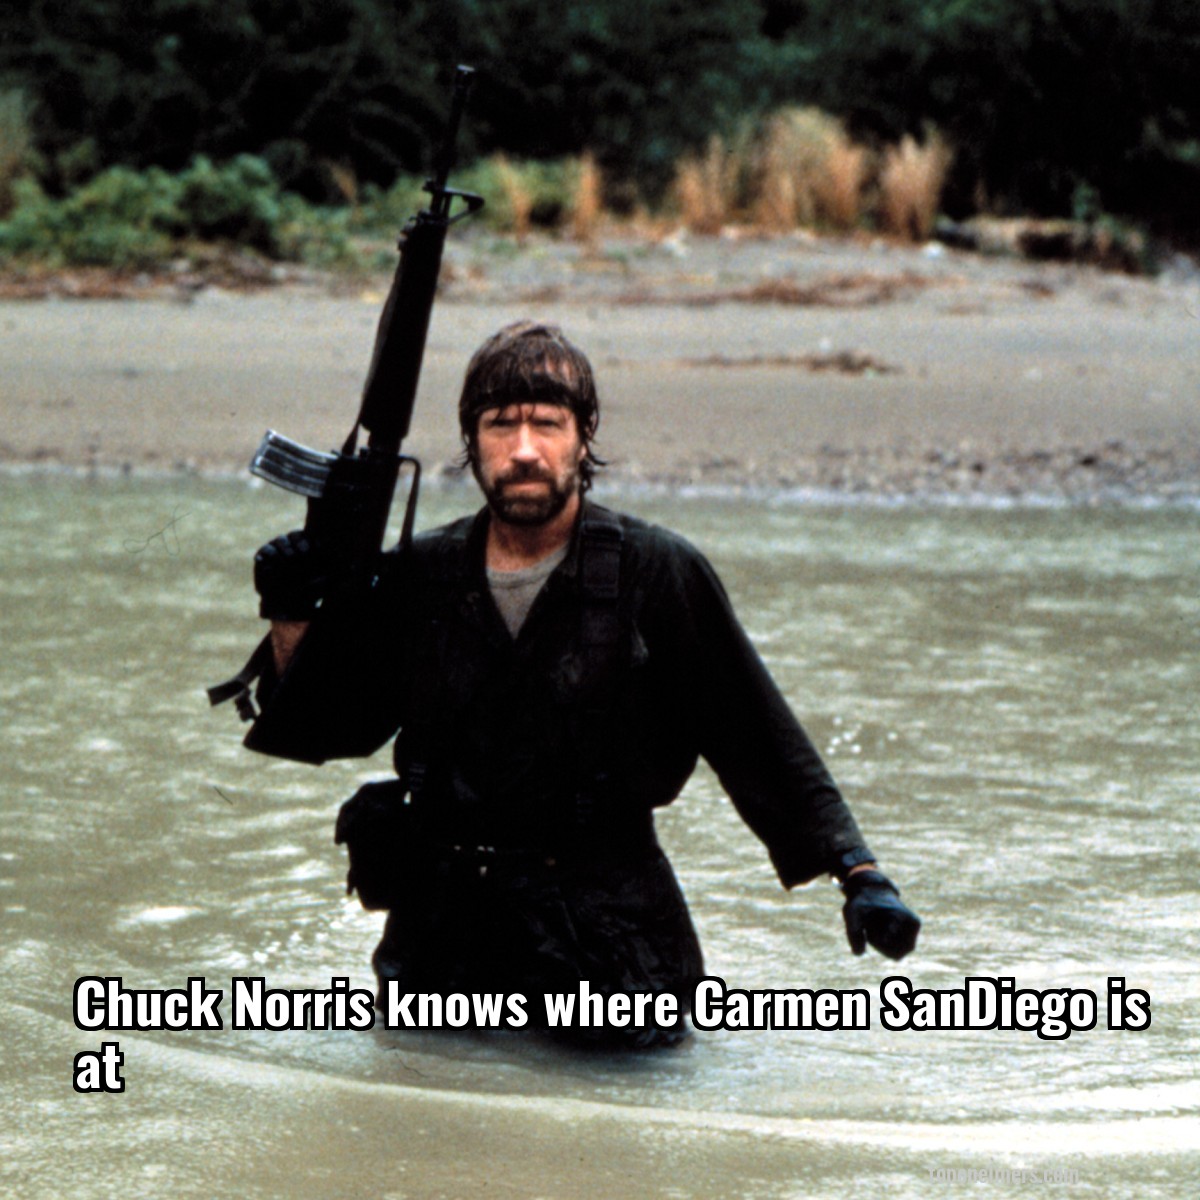 Chuck Norris knows where Carmen SanDiego is at
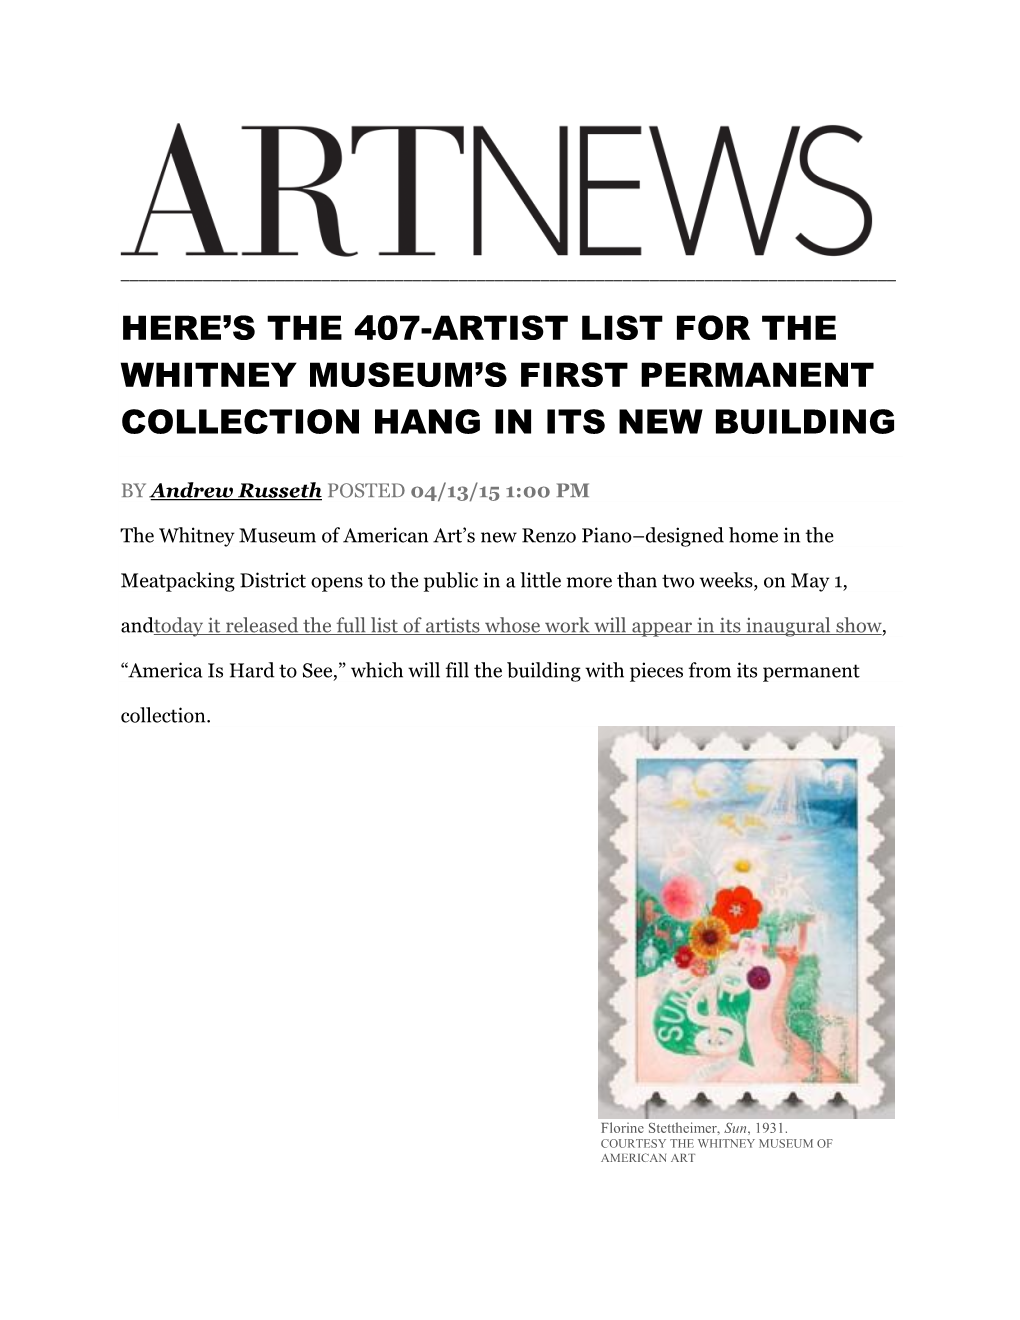 Here's the 407-Artist List for the Whitney Museum's First Permanent Collection Hang in Its New Building
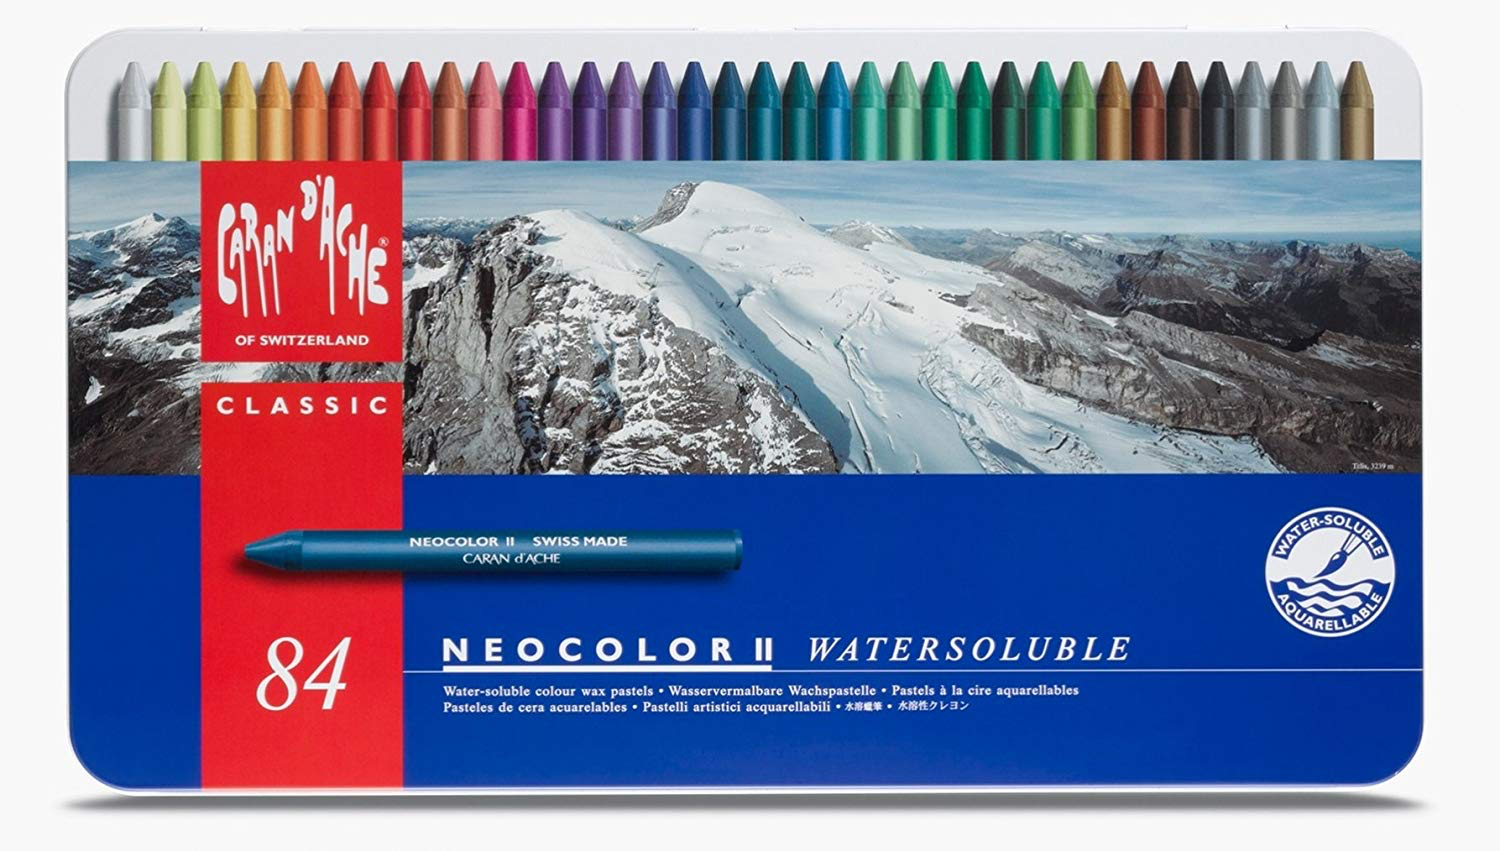 NEOCOLOR II Water-soluble assortment of 84 Colours
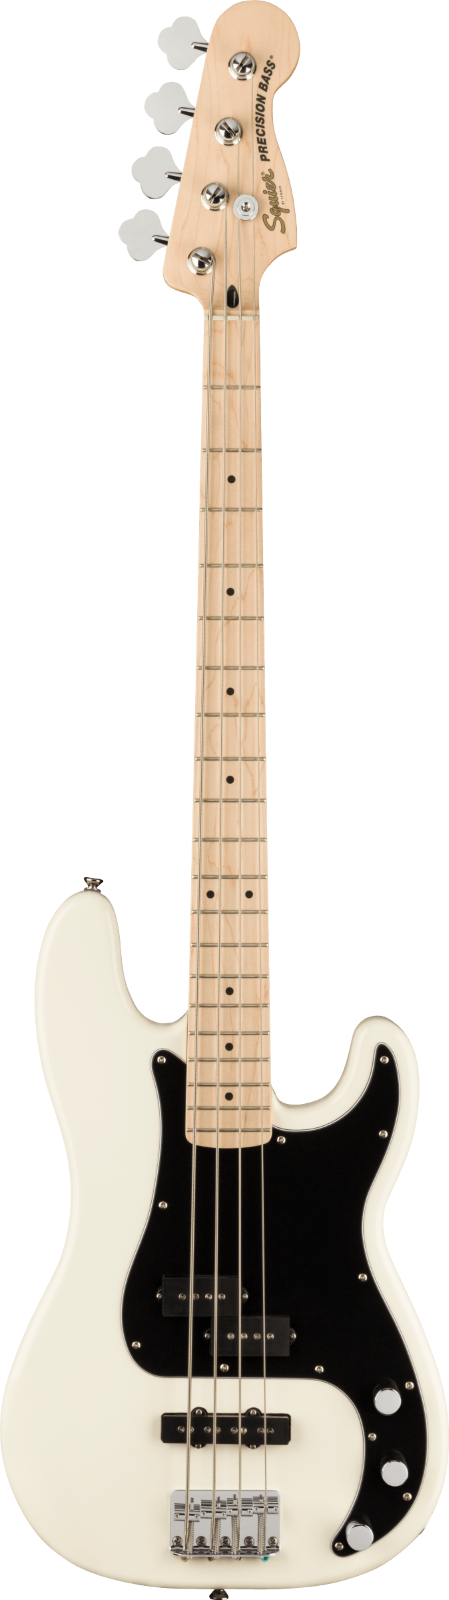 Squier Affinity Series Precision Bass PJ, Maple Fingerboard, Black Pickguard, Olympic White : photo 1

◆ Brief
The task calls for duplicating the data exactly, with no images kept.

◆ Exercise solution
 Chuck Norris knows where Carmen SanDiego is at
 Here's the 407-Artist List for the Whitney Museum's First Permanent Collection Hang in Its New Building
 NEOCOLOR II Water-soluble assortment of 84 Colours
 Squier Affinity Series Precision Bass PJ, Maple Fingerboard, Black Pickguard, Olympic White : photo 1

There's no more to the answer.